One such committee was the National Commission on Labour (‘NCL’). The first NCL, formed in 1969, headed by Justice P.B. Gajendragadkar, the seventh Chief Justice of India, which in 1969, prepared a comprehensive report with several important recommendations that were for unknown reasons never implemented.
Over the years, many other committees were formed - in 1982 came the Sanat Mehta Committee, in 1990, the bi-partite Ramanujam Committee, and in 1991, the Rural Labour Enquiry Committee. Alongside these, between 1999 and 2004, under the previous rule of the National Democratic Alliance (‘NDA’) government led by Atal Bihari Vajpayee, numerous bodies were formed that were headed by industrialists.
It was under the NDA-I government that the terms of reference for the Second NCL were drawn up - one, to rationalise existing laws for the organised sector, and second, to propose an umbrella legislation to provide a minimum level of protection for workers in the unorganised sector. The Second NCL was also directed to consider factors like globalisation, technological change, and international competitiveness when making its recommendations. The Second NCL’s report came out in 2002.
In pursuance of the recommendations by the Second NCL, the government framed a pilot study of the Unorganised Sector Workers Social Security Scheme, 2004 for fifty districts. It had a poor response. In 2004, the first United Progressive Alliance government (‘UPA-I’) constituted the National Commission on Enterprises in the Unorganised Sector (‘NCEUS’) which submitted its report in 2005 .
The National Advisory Council, an advisory body set up by the UPA-I government to advise Prime Minister Manmohan Singh, submitted a draft bill, the Unorganised Sector Workers’ Social Security Bill, which was then forwarded to the Second NCL for their consideration.
The NCEUS constituted by the UPA-I government produced two detailed Reports, one on the Social Security (2005) and the other on the Conditions of Work (2007), both of which pertained to the unorganised sector.
I will primarily assess to what extent the implementation of critical social security reforms is reflected in the Code on Social Security (‘CoSS’). This assessment is particularly important as there are two important reports, which were prepared over a short duration in the first half of the 2000s. It is also important because these reports had also made passing references to laws relating to different social security mechanisms and institutions like the Employees’ Provident Fund Organisation (under the Employees’ Provident Fund Act (‘EPF Act’)), and the Employees’ Social Insurance Corporation.
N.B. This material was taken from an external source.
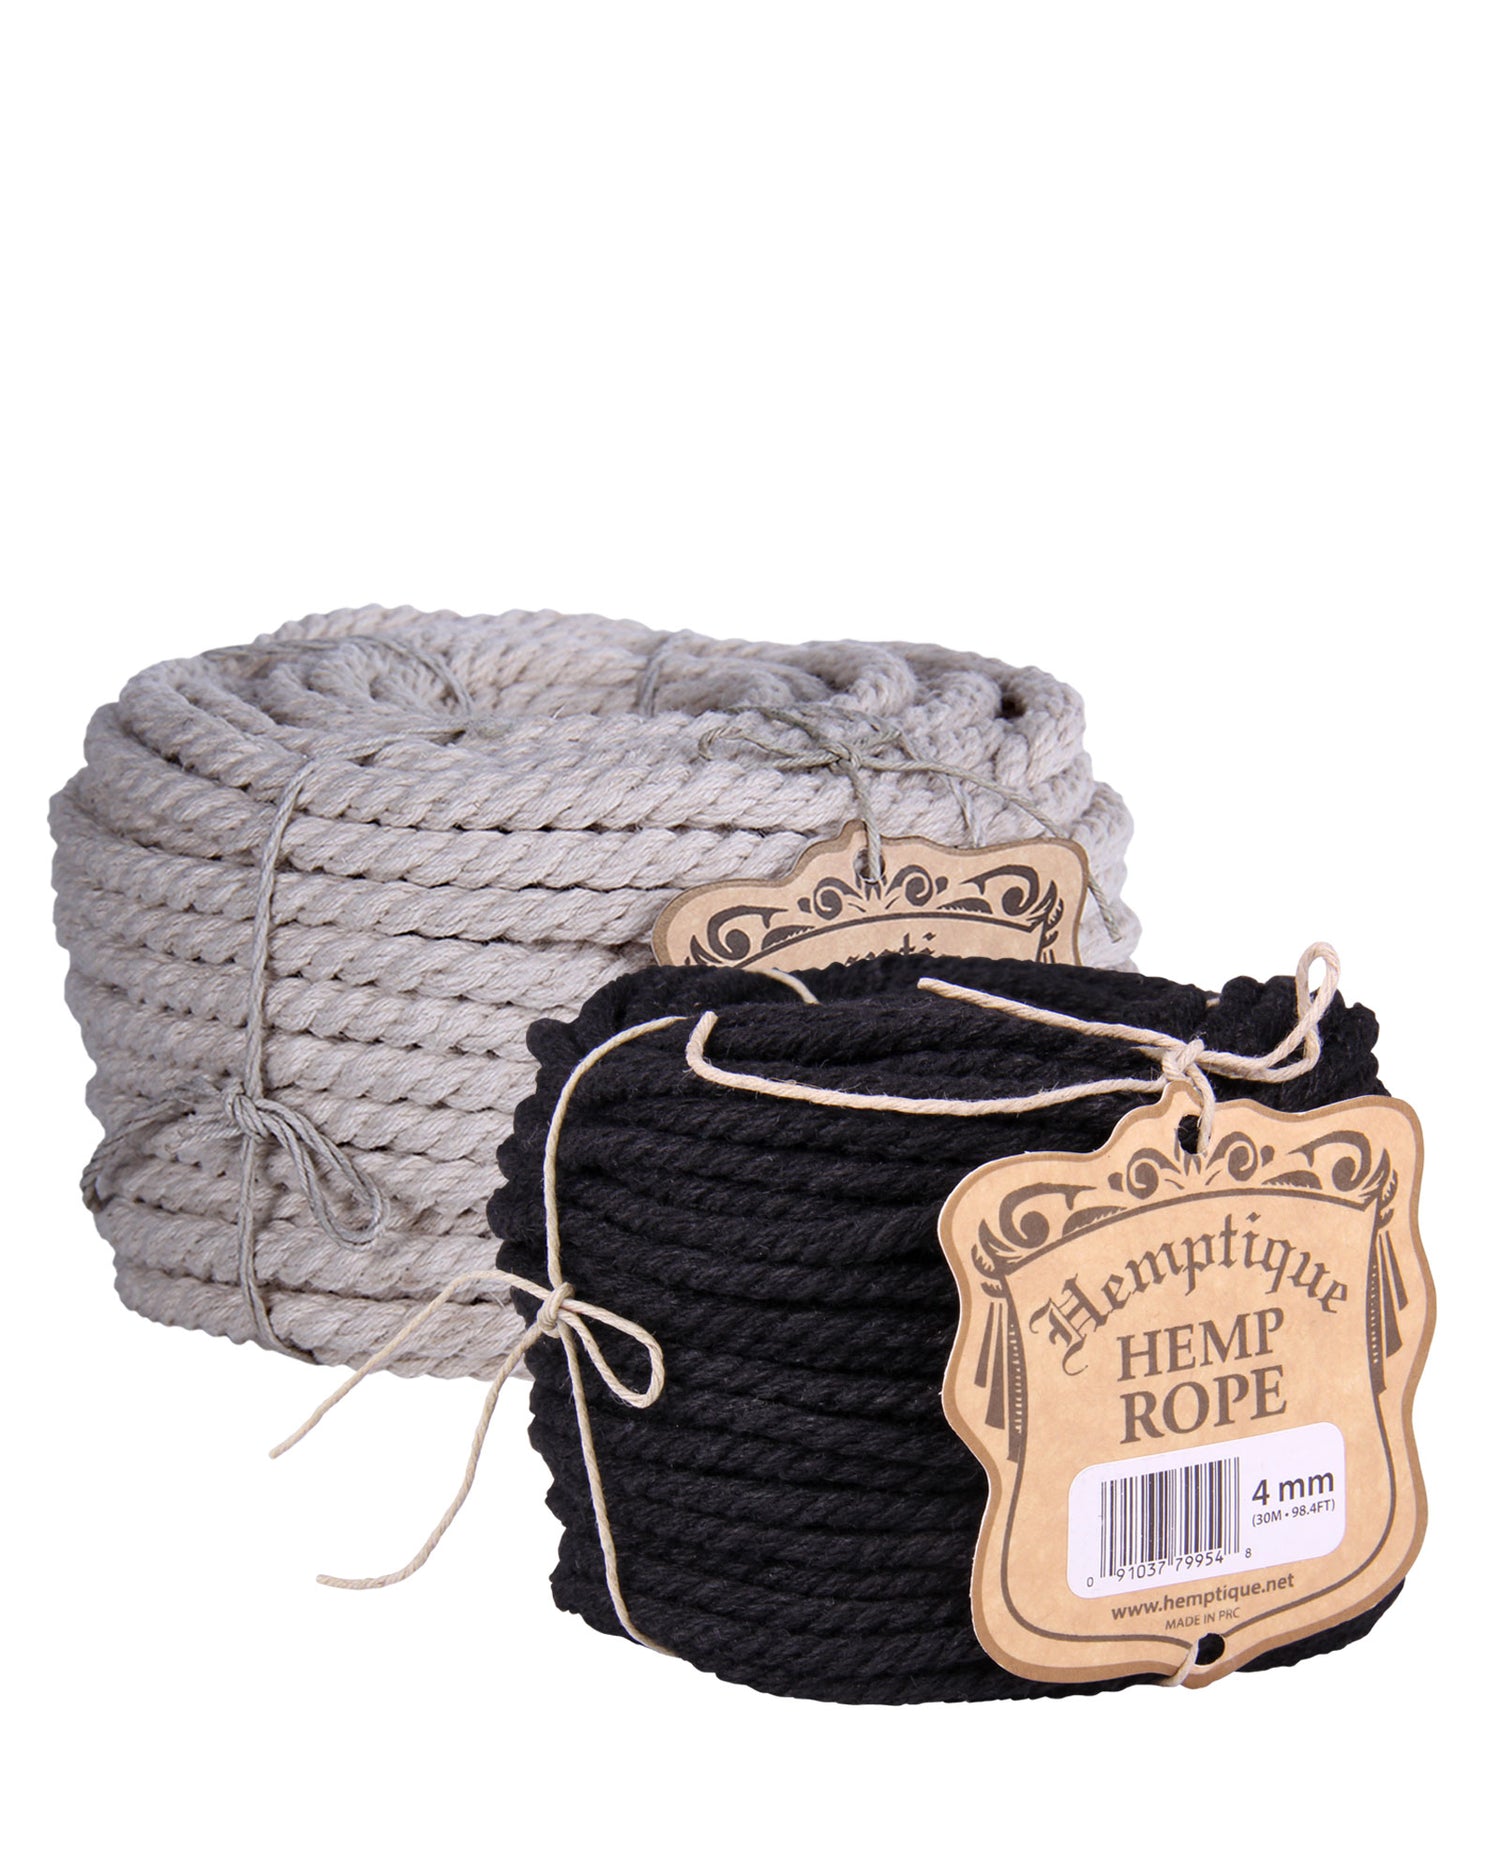 hemptique hemp rope coil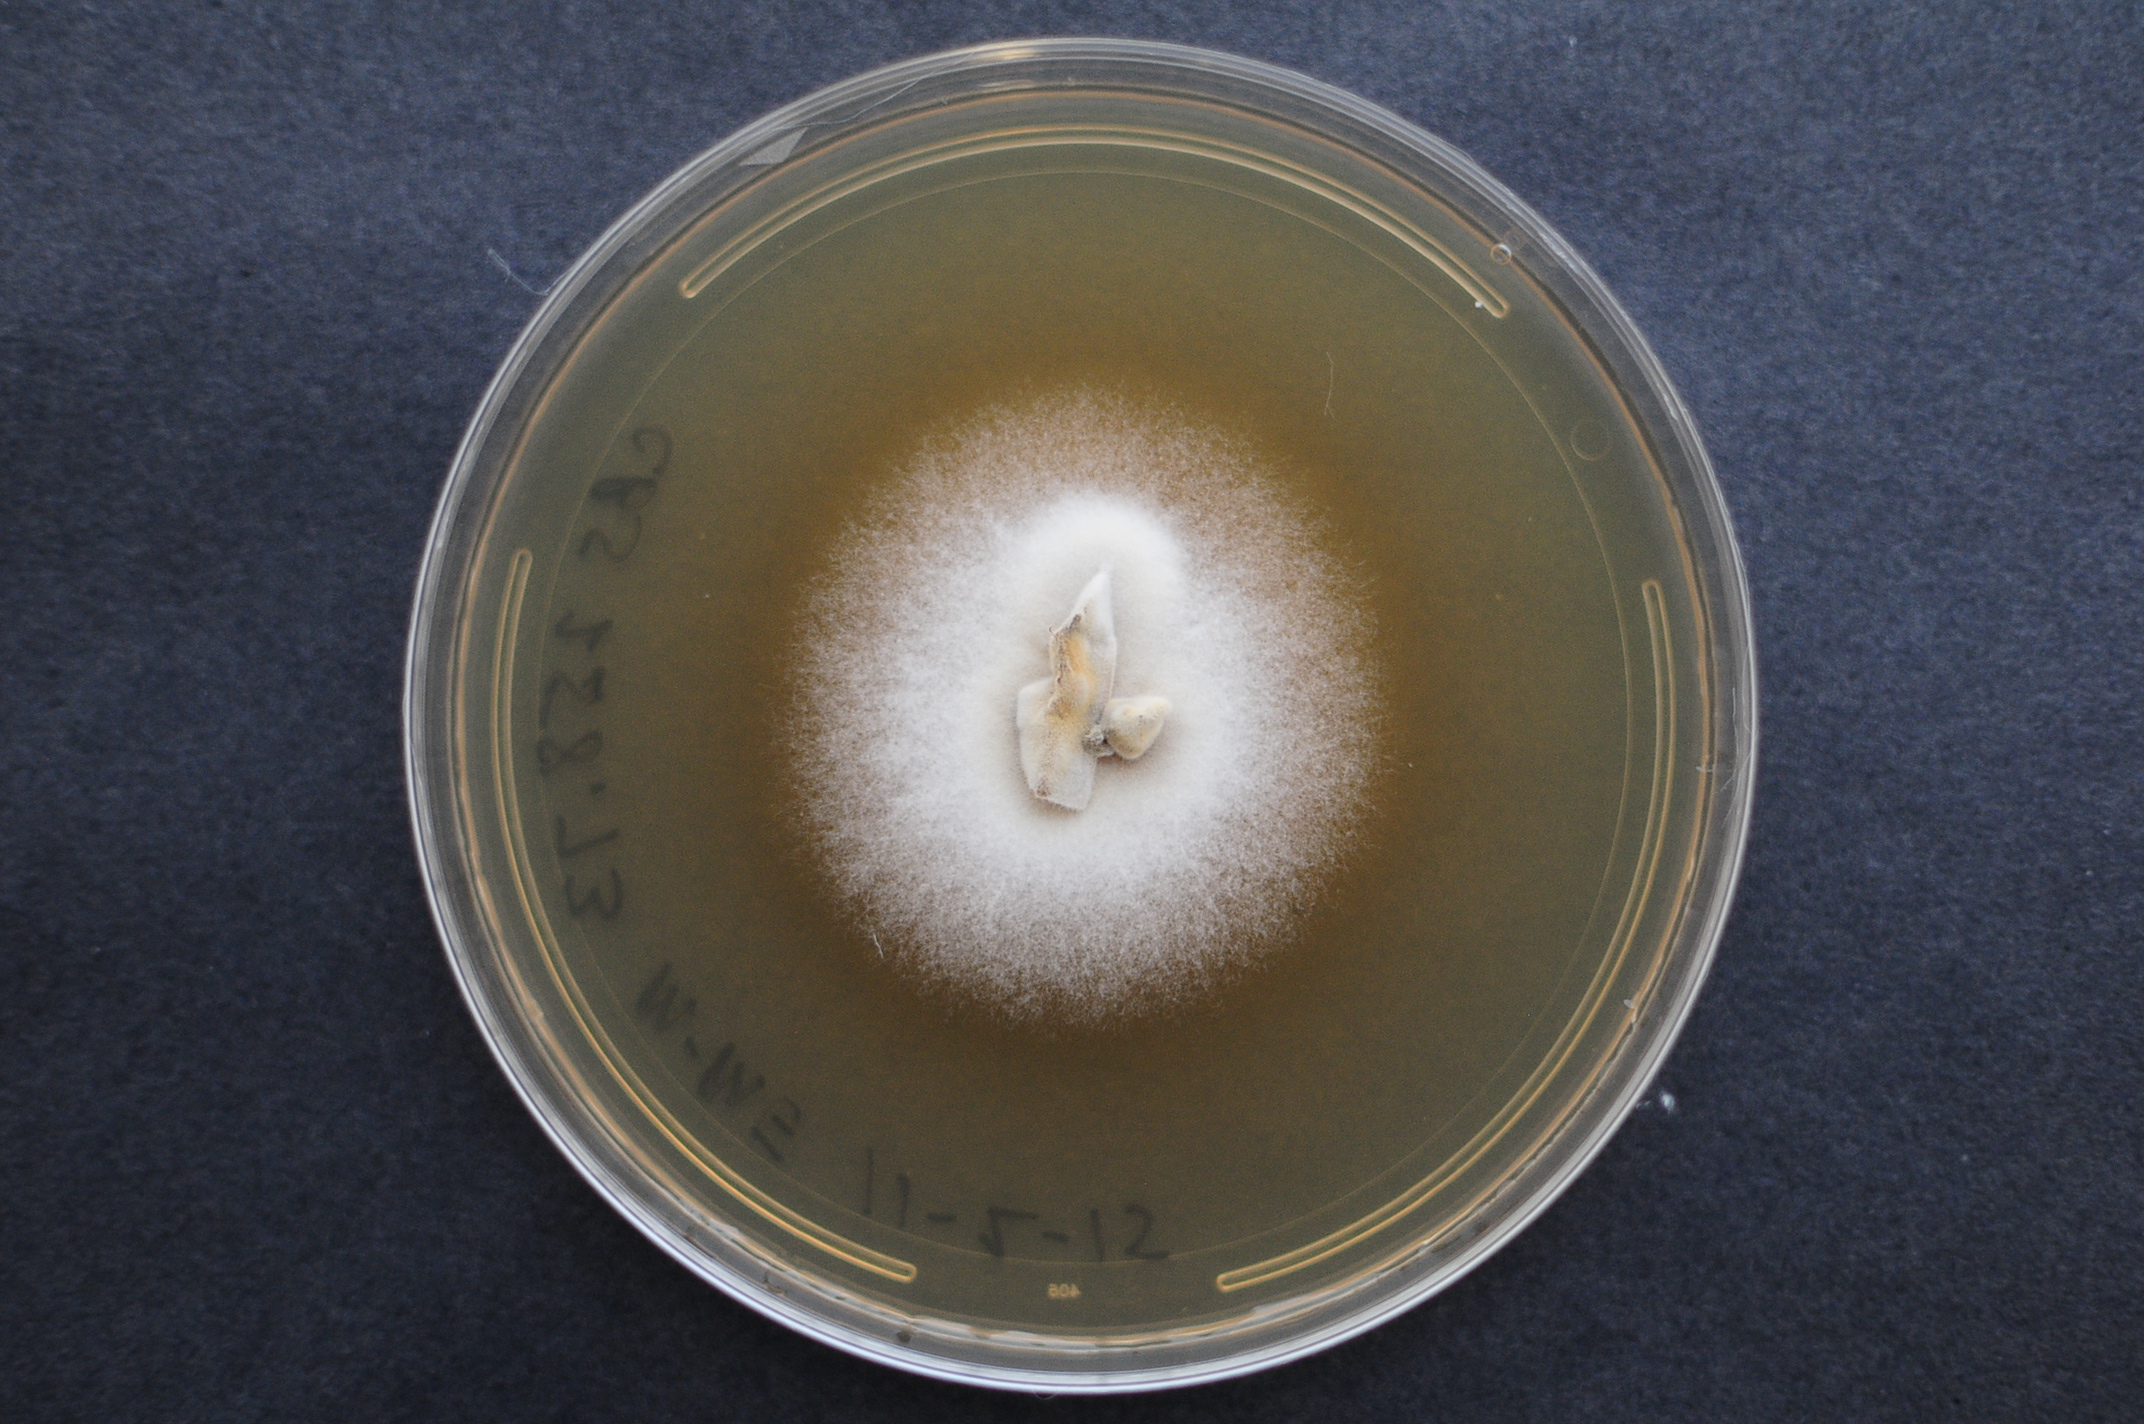 Laxitextum bicolor CBS 258.73 growing in the lab [Photo credit: Jon Karl Magnuson]

In November 2025, in a press release, the NDA-II government asserted that the Second NCL had recommended the grouping of labour laws into four or five labour codes on a functional basis. The Second NCL drafted several laws. We can mention them here:
Draft Law on Wages (applicable to establishments employing more than 20 workers)
Draft Law on Wages (applicable to establishments carrying out any nature of work and employing 20 or more workers)
The Hours of Work, Leave and Other Working Conditions at the Workplace Act, 2002 (applicable to a host of institutions, from factories to lawyers’ organisations employing 20 or more workers)
Law on Labour Management Relations (applicable to establishments employing 20 or more workers)
The Small Enterprises (Employment Relations) Act 2002 (applicable to establishments employing not more than 20 workers)
The Second NCL allocated two chapters. One chapter was on the unorganised sector in which it delineated the vastly differing nature of economic activities taking place in the unorganised sector. The other chapter contained a detailed review of concepts and various components of social security.
The Law on Labour Management Relations also discussed existing social security components like Employees’ Provident Fund (‘EPF’), Employees’ State Insurance (‘ESI’), gratuity, and employment injuries compensation to employees.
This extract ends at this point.